# Esquema de Vumeter con un EM84



## socram8888 (May 25, 2008)

Pues como bien digo, pido por favor un esquema de un Vumeter a válvulas con el EM84.

Para que os podais hacer un idea, mirad esto:
YouTube - magiczne oczka em84 stereo cz1

Gracias anticipadas


----------



## Guest (May 25, 2008)

eso parecen neones infraalimentados, asi pensando se me ocurre que con un ionizador, conectando la salida a un solo polo enciendes medio neon, si haces 2 y los pones a cada polo y luego regulas su intensidad tienes lo del video, el tema esta en hacer el vumeter analoguico, con lo que bastaria hacer un amplificador de la señal de audio y alimentar con este los ionizadores.


----------



## Dano (May 25, 2008)

Que tiene que ver las valvulas con ese video, es simplemente un vúmetro conectado a un "panel de leds" no tiene más ciencia, para que veas de lo que hablo

https://www.forosdeelectronica.com/f30/vu-meter-60-db-rango-12141/, mira la foto de "Ivanutn"


----------



## socram8888 (May 26, 2008)

Eso que deciis son válvulas, las EM84
http://www.radiomuseum.org/tubes/tube_em84.html

Por cierto, ya he encontrado un esquema, me lo ha enviado el usuario de Youtube del video del principio.

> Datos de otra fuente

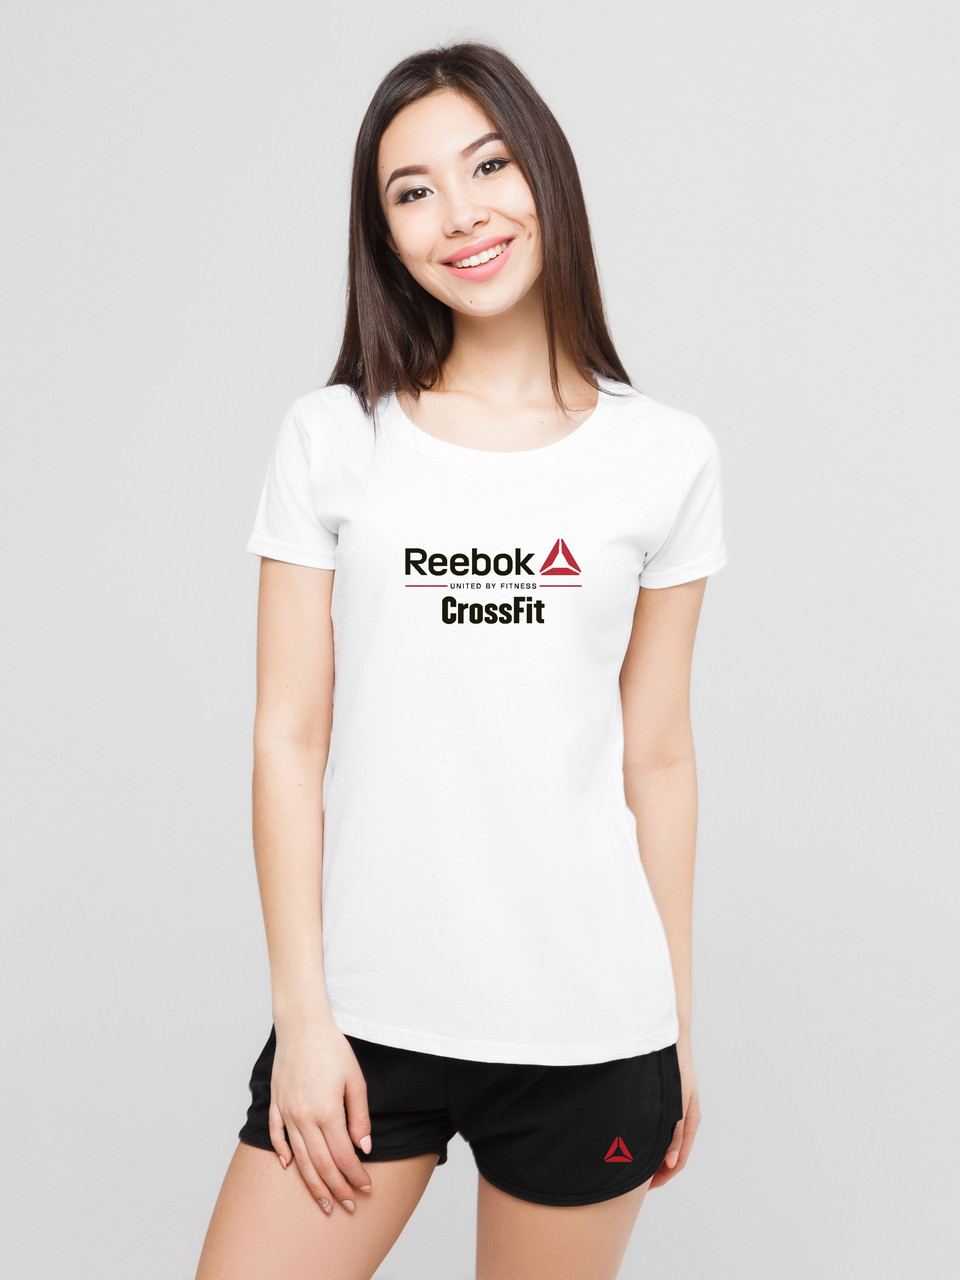 Жіночий комплект Reebok Crossfit футболка + шорти, рибок

Por si alguien lo quiere: http://www.xifyh.yoyo.pl/articles.php?id=14 y http://www.solderingpoint.com/projects/indicator_tube/indicator_tube.php


----------



## borja1234567 (Ene 22, 2010)

las m84 se sigen fabicando? o an sacado algun sustituto? las venden en tiendas de barrio? 
porque quiero una


----------



## electromecanico (Ago 31, 2010)

como hago para manejar con la placa de una 12ax7 de 100.000 ohms de carga  la reja de una em 84 que tiene 3 mohms de consumo


----------



## electromecanico (Oct 11, 2010)

socram8888 dijo:


> Eso que deciis son válvulas, las EM84
> http://www.radiomuseum.org/tubes/tube_em84.html
> 
> Por cierto, ya he encontrado un esquema, me lo ha enviado el usuario de Youtube del video del principio.
> ...


 


ya esta funcionando anda bien lo unico que no me llega a llenar completamente el recorrido del ojo majico queda unos milimetros sin prender


----------



## Selkir (Dic 20, 2011)

borja1234567 dijo:


> las m84 se sigen fabicando? o an sacado algun sustituto? las venden en tiendas de barrio?
> porque quiero una



Aquí tienes: http://www.tubedepot.com/nos-6fg6.html


----------